If you get caught off guard then what could be a functional backstop response? Something like, “What the expletive? Heh, wo, what is going on here?” In terms of the other person you could ask with a sense of curiosity, “How do you do that? What are you doing in your mind?” Anything to put the conversation on pause and give you time to collect your thoughts.

If you were put on the spot and someone asks you a question – and they demand an immediate response would you feel pressurised? However, if you had plenty of time to gather information, to think about it and delay making a judgement would that help you to relax? So what-if your default response was that you need more information from multiple sources and you need time to think about it – would that help to put you in the power seat?

Is your attention on self or other?
And if someone should criticise something that you say or do, how do you know that the criticism is about you?

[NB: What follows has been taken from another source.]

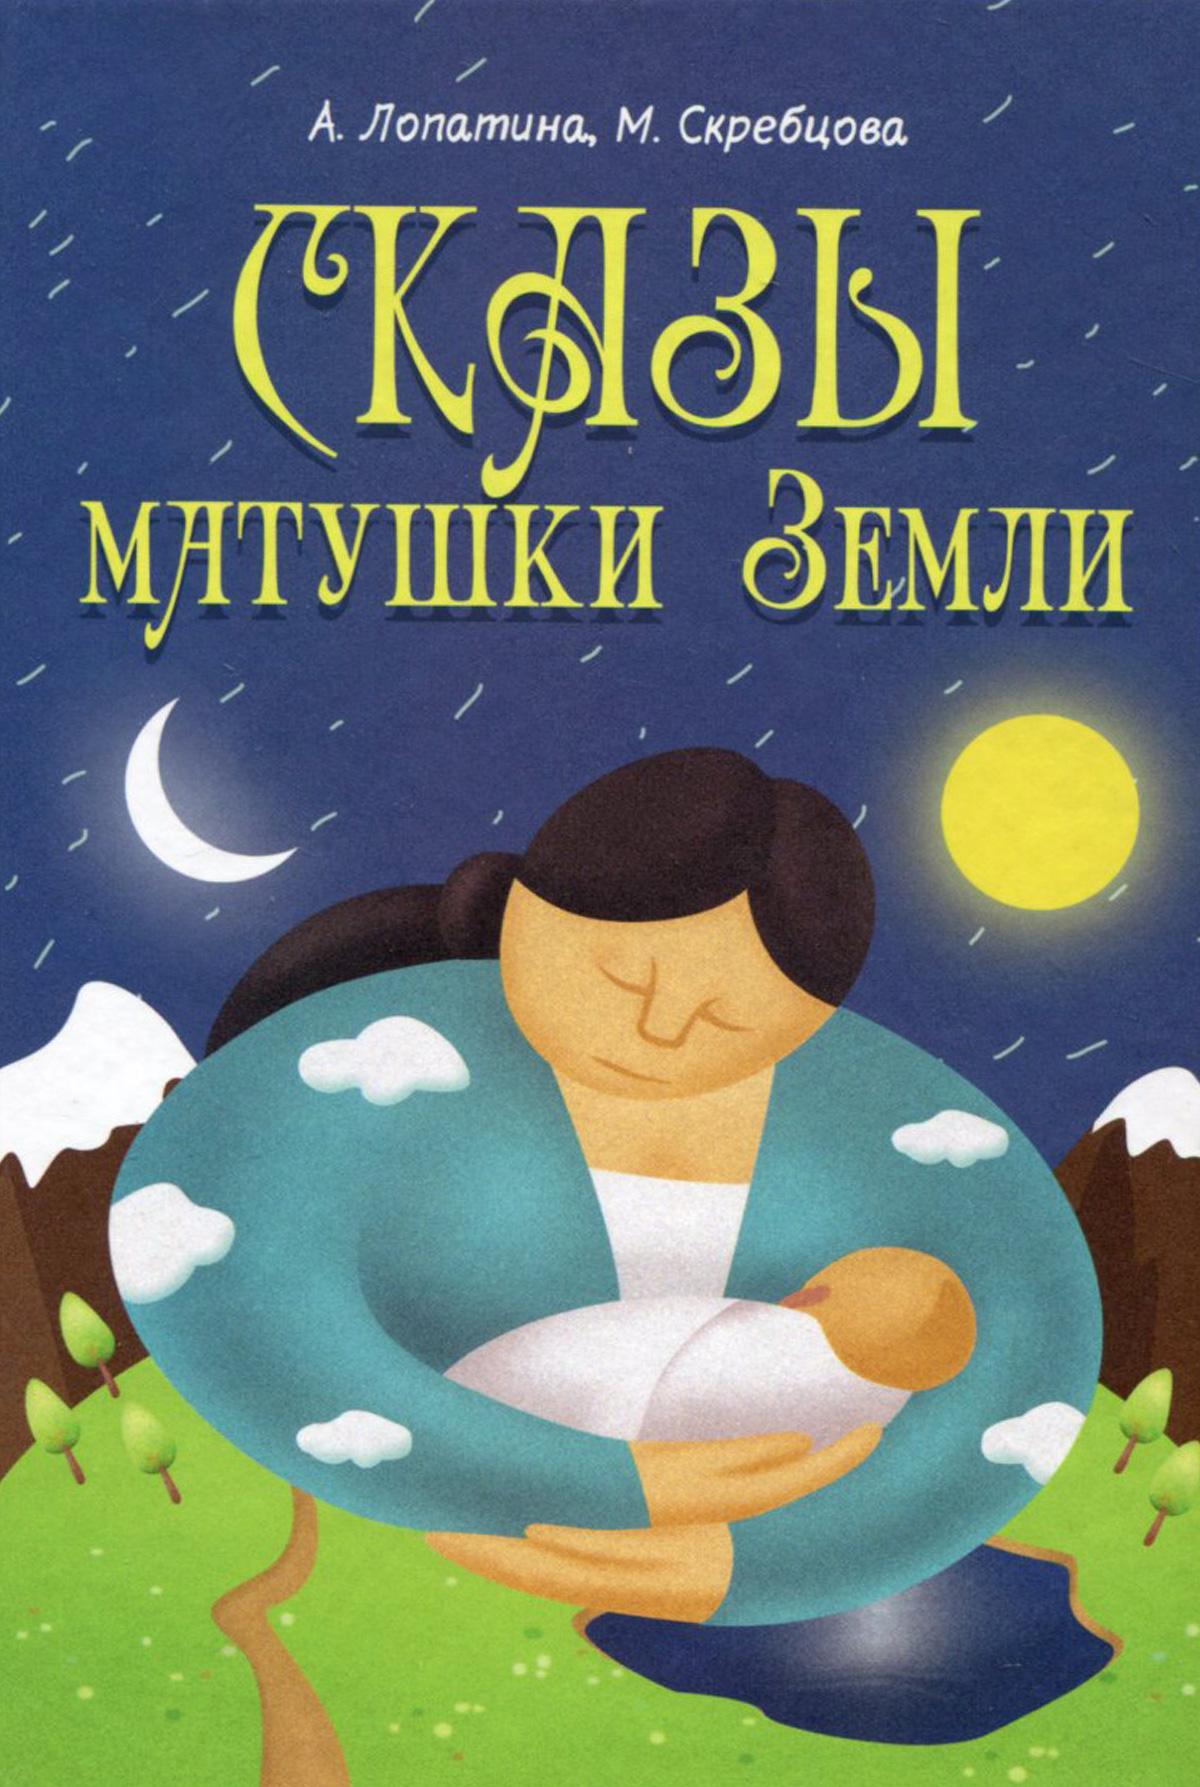 Сказы матушки Земли, А. Лопатина, М. Скребцова

Why make everything about you? Sounds a bit like narcissism? This brings us to the self and other meta program. So is your attention on self or is your attention on other? Perhaps the criticism says more about the one giving the criticism than it does about you? Perhaps they are projecting? So perhaps it could be useful to hold a frame of compassion? Who knows? The person who is criticising you could be totally off the planet and real messed up so the least you could do is to hold a sense of compassion for them and respond to them a little playfully? If you were to playfully respond to criticism what would that look like, sound like and feel like? Could you find yourself laughing? How empowering would that be?

Play with the opposing viewpoint (get in the power seat)
Rather than getting on the defense and looking for ways to challenge and refute the opposition – an option you may like to explore is to step into the shoes of the opposition and look at the world through their eyes. Why? Because it puts you in the power seat. As Richard Bandler said, “According to the law of requisite variety the part with the most flexibility controls the system”. Which brings us to perceptual positions.

First position is where you are looking at the world out of your own eyes, listening with your own ears and grounded in your body. Second position is empathy – the process of standing in the shoes of another person or thing – looking out of their eyes at the world, listening with their ears and feeling their feelings. Third position is where you are neither looking at the world from your own perspective or from the perspective of another person – it is where you are ‘in space’ so to speak looking across at both yourself and the other/s.

So having the flexibility to shift perceptual positions means that you can analyse a topic from multiple viewpoints – and also have an intuitive understanding of how others may think and feel. This is going to make it difficult for people to pin you down.

Experiment with saying what you think the opposition wants to hear and see how they react. In some cases they could have a polarity response and disagree with you and hence disagree with their original premise.

Don’t take things personally
One of the most important distinctions to keep in mind is that you as a person are not the behaviours or the ideas – you are separate from the behaviours and the ideas – you are the witnessing consciousness. So when you criticise someone you should be criticising the behaviours and the ideas not the person. When you receive criticism you need to understand that the criticism is about your behaviour and your ideas – the criticism is not about you personally – even though the person attacking you might like it to be about you – it is not about you – so if you can keep that in mind then you are safe.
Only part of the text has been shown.